R2d § 86
Promise for Benefit Received
A promise made in recognition of a benefit previously received by the promisor from the promisee is binding to the extent necessary to prevent injustice. The promise is not binding if the promisee conferred the benefit as a gift or for other reasons the promisor has not been unjustly enriched, or if the value of the promise is disproportionate to the benefit.
Professor's notes
Elements: (1) a promise made in recognition of a benefit previously received is binding to the extent necessary to prevent injustice; (2) NOT binding if (a) the benefit was conferred as a gift or no unjust enrichment occurred, OR (b) the value promised is disproportionate to the benefit.
Webb v. McGowin operationalizes the rule: life saved at grave personal cost is a material benefit; subsequent promise enforceable.

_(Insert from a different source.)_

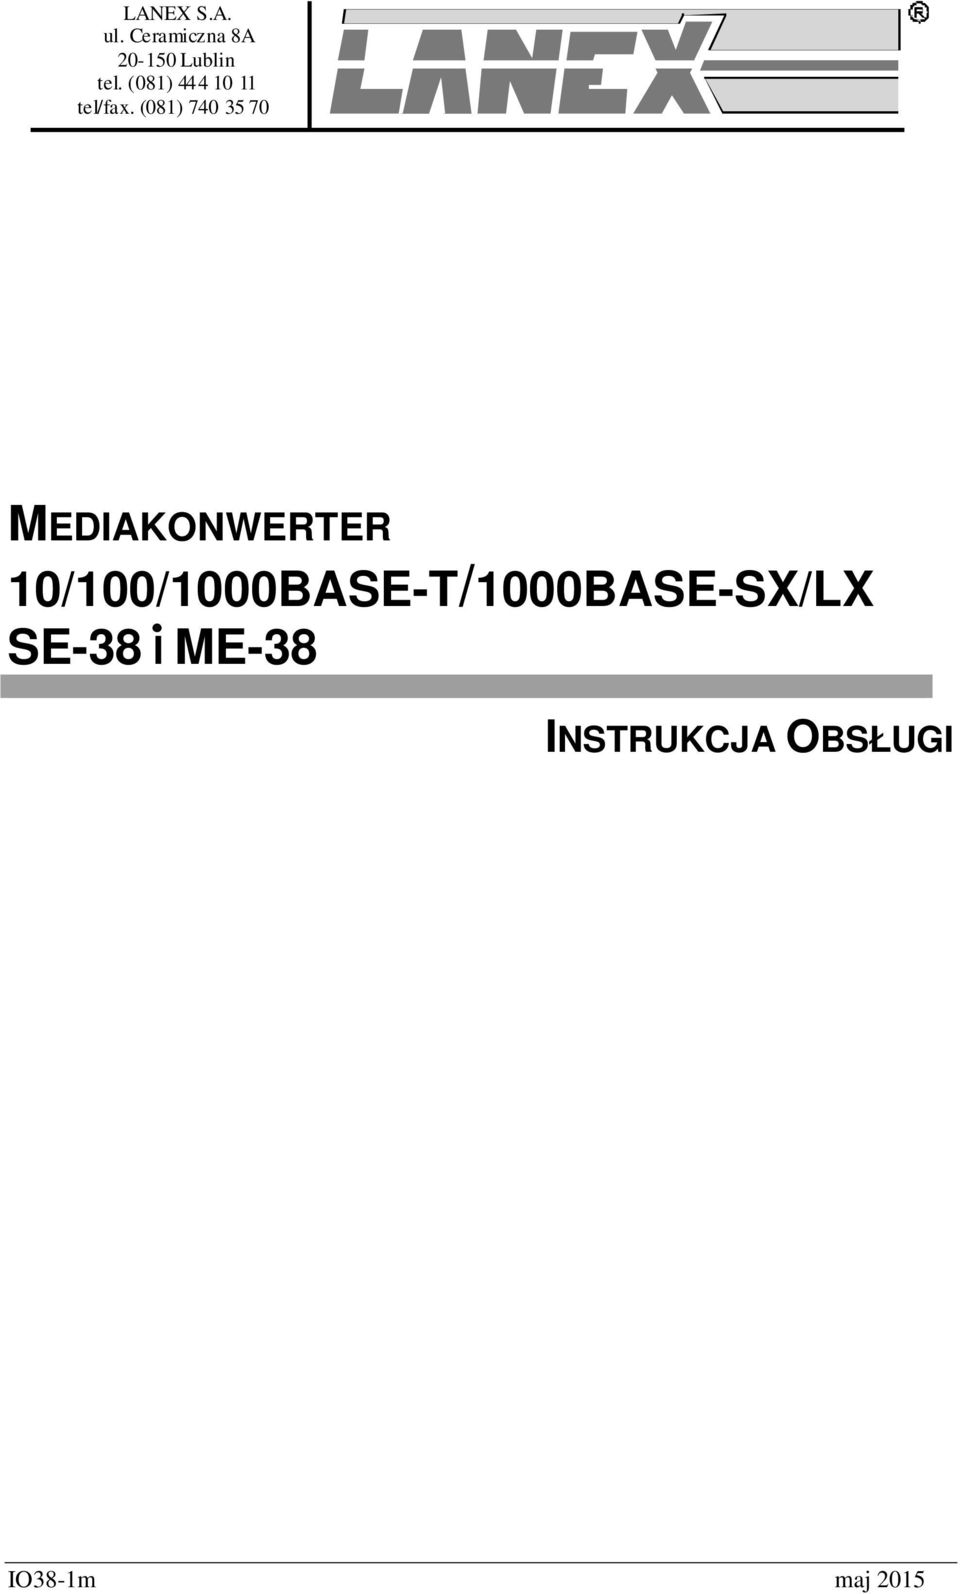 (081) 444 10 11 tel/fax.

Mills v. Wyman shows the limit: care for an adult son confers no benefit on the father (no enrichment to him), so the father's subsequent promise fails.
Common misunderstanding: students collapse § 86 with § 90. § 90 protects reliance on a forward-looking promise; § 86 enforces a backward-looking promise for past benefit. Different time, different rationale.
Cases that operationalize this rule
Section 86 codifies the material-benefit rule that Webb v. McGowin anchors. It enforces a subsequent promise to pay for a benefit conferred without prior bargain: provided the benefit was substantial, the promisee did not act gratuitously, and the promised amount is not disproportionate. The doctrine is the principal exception to the past-consideration bar of Mills v. Wyman.